### DATA IN THIS EXERCISE
▽
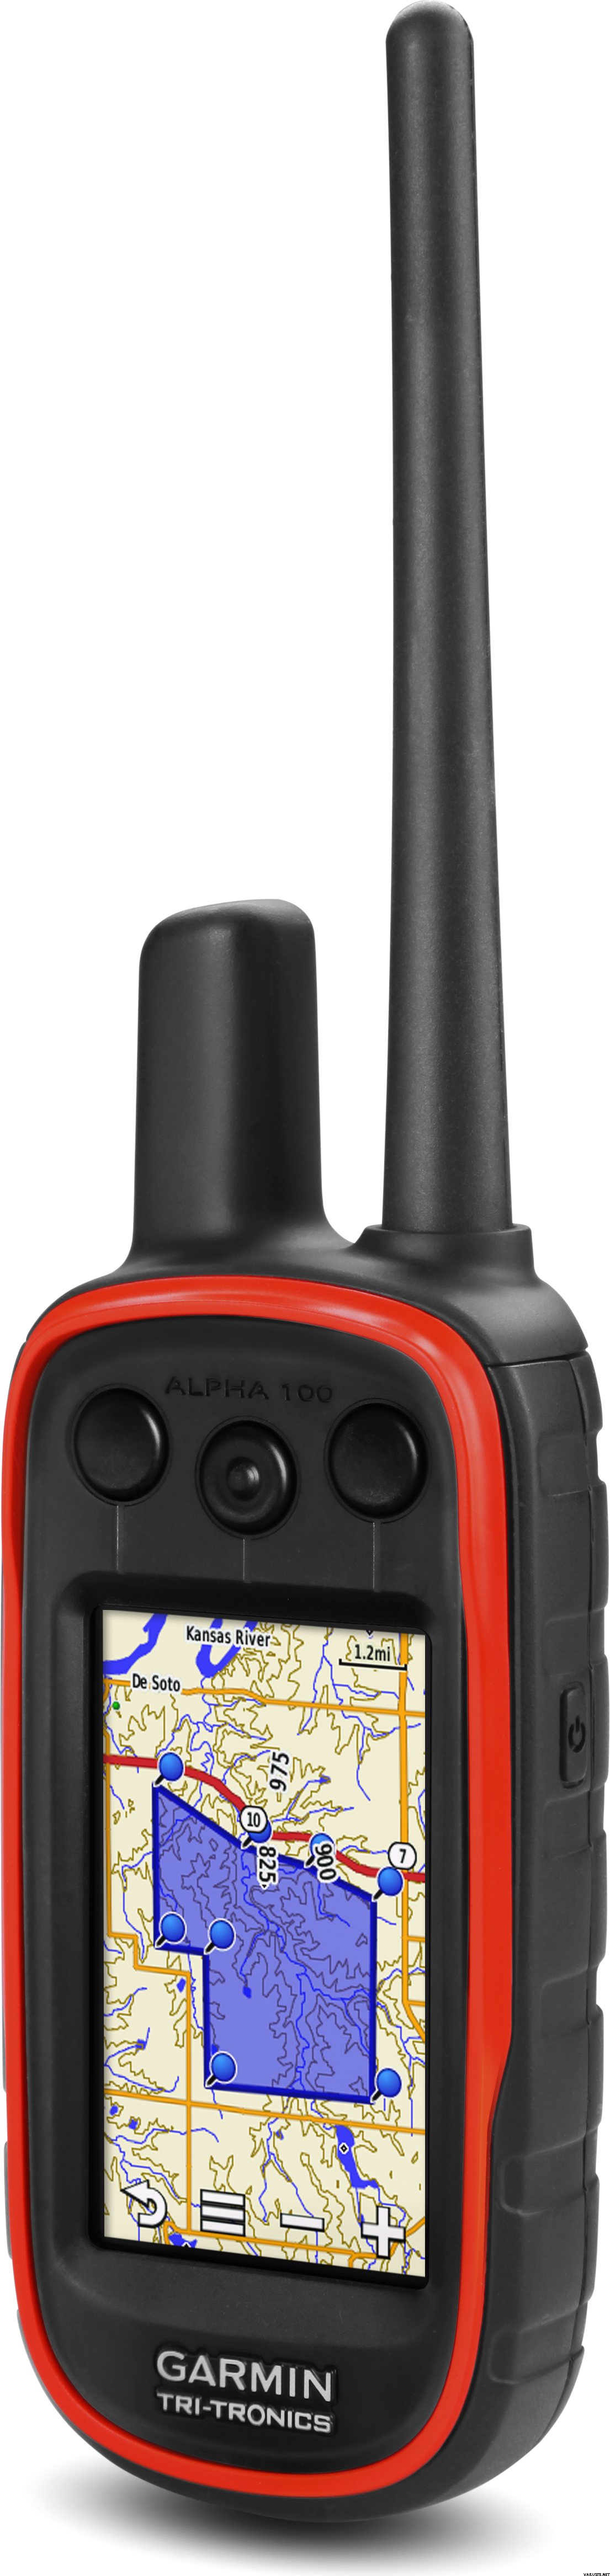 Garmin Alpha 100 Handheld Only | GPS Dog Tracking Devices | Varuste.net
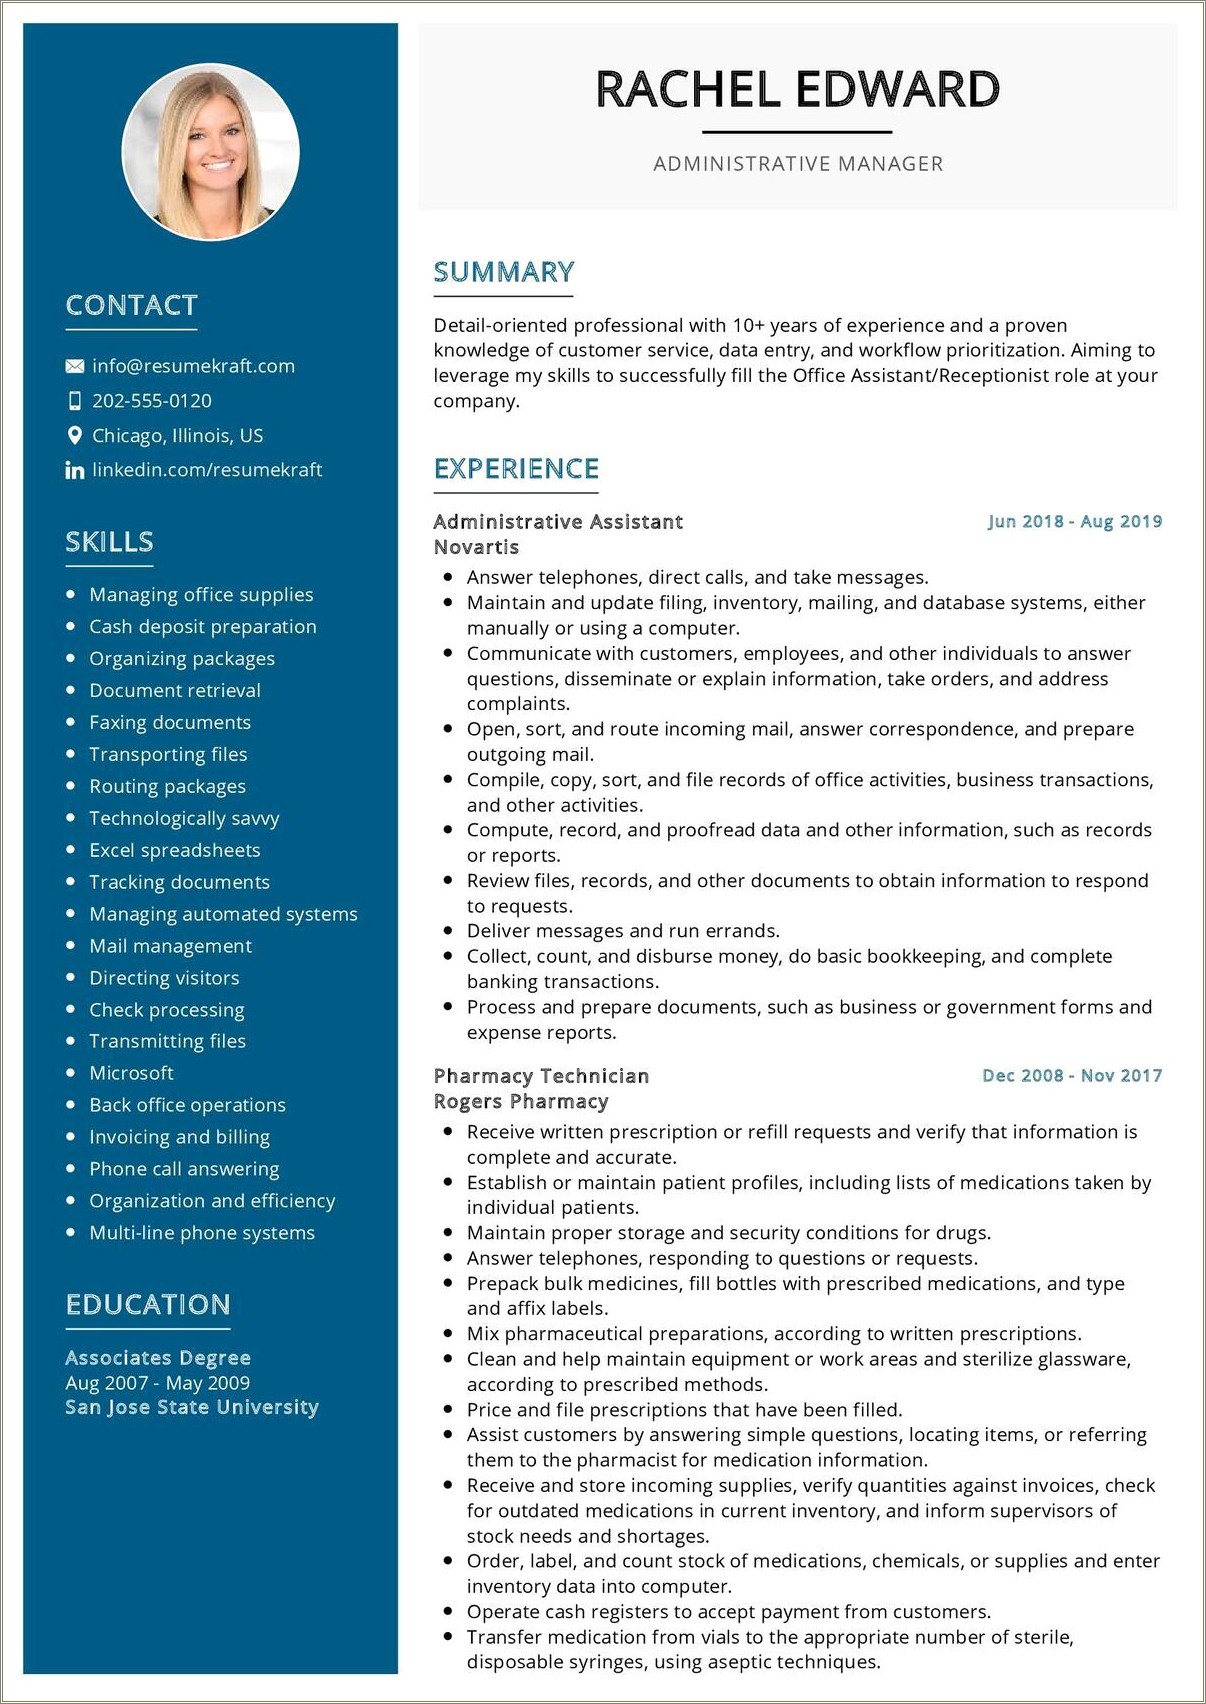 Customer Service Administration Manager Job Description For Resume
△
▽
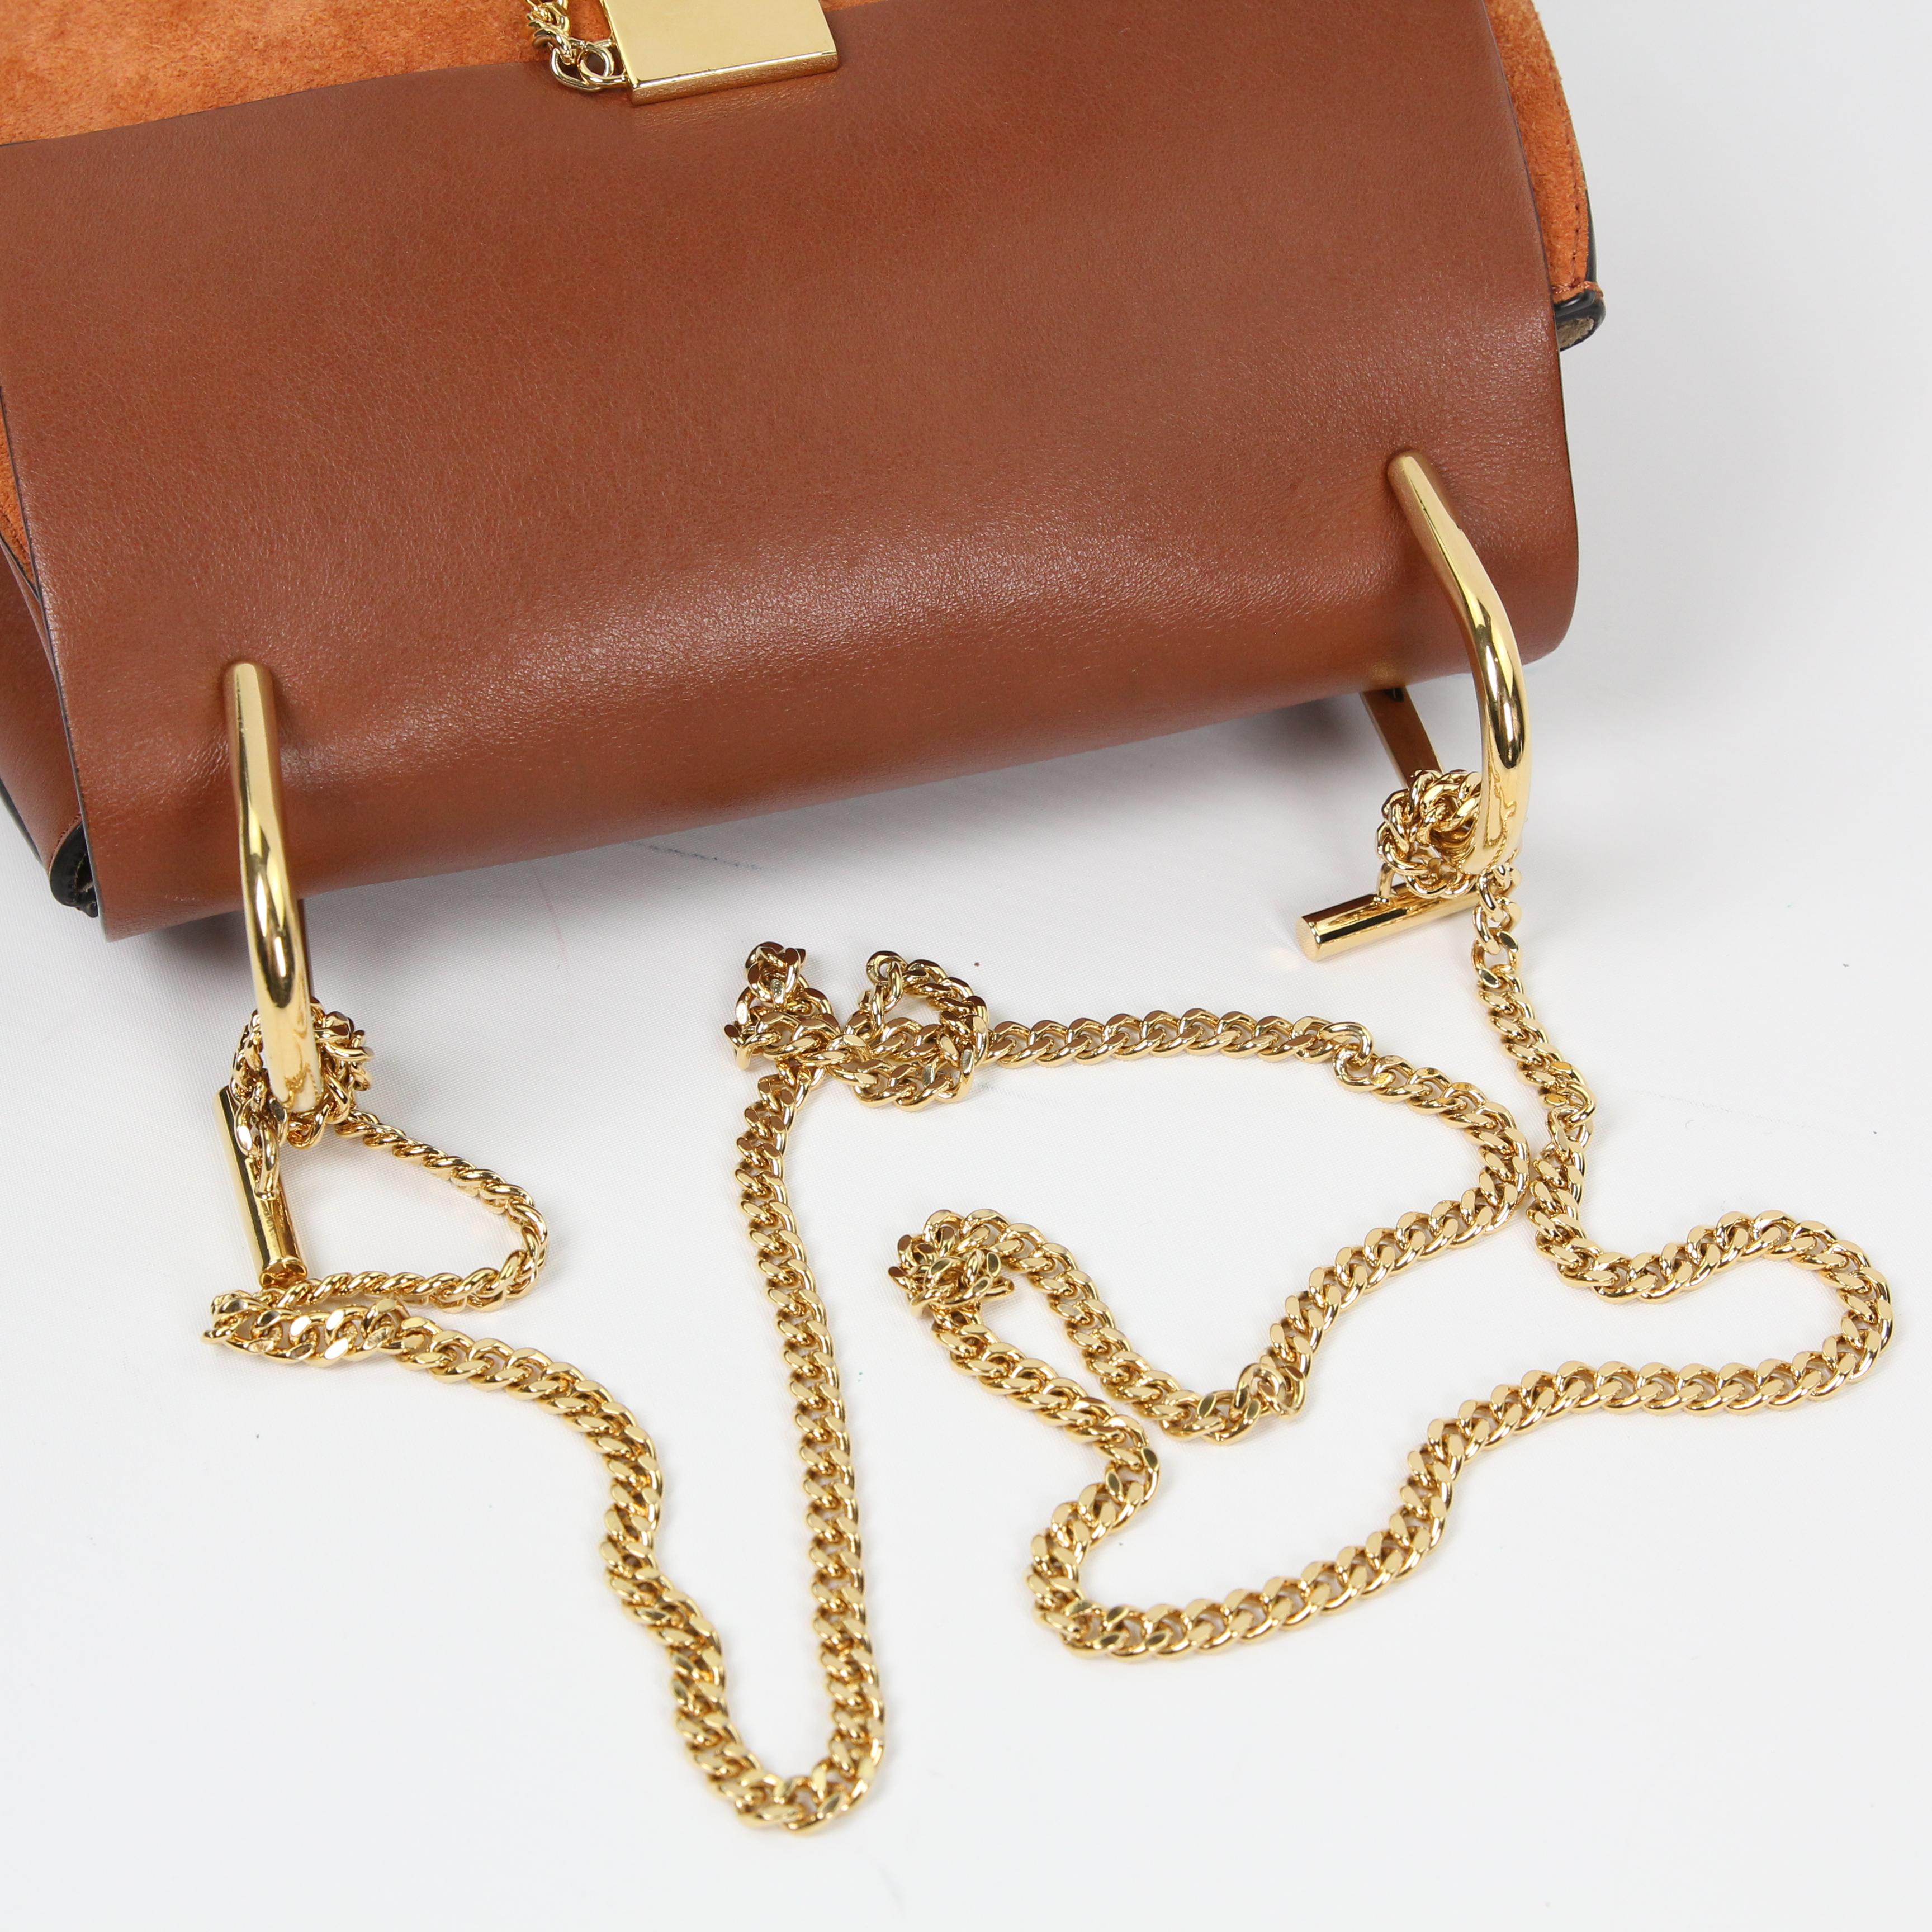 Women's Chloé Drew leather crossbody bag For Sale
△
### ASSIGNED TASK
Above are the records; restate exactly the lines from the one containing "Garmin Alpha 100" through the one containing "Customer Service Administration", keeping pictures out.

### RESULT FOR THIS TASK
 Garmin Alpha 100 Handheld Only | GPS Dog Tracking Devices | Varuste.net
 Customer Service Administration Manager Job Description For Resume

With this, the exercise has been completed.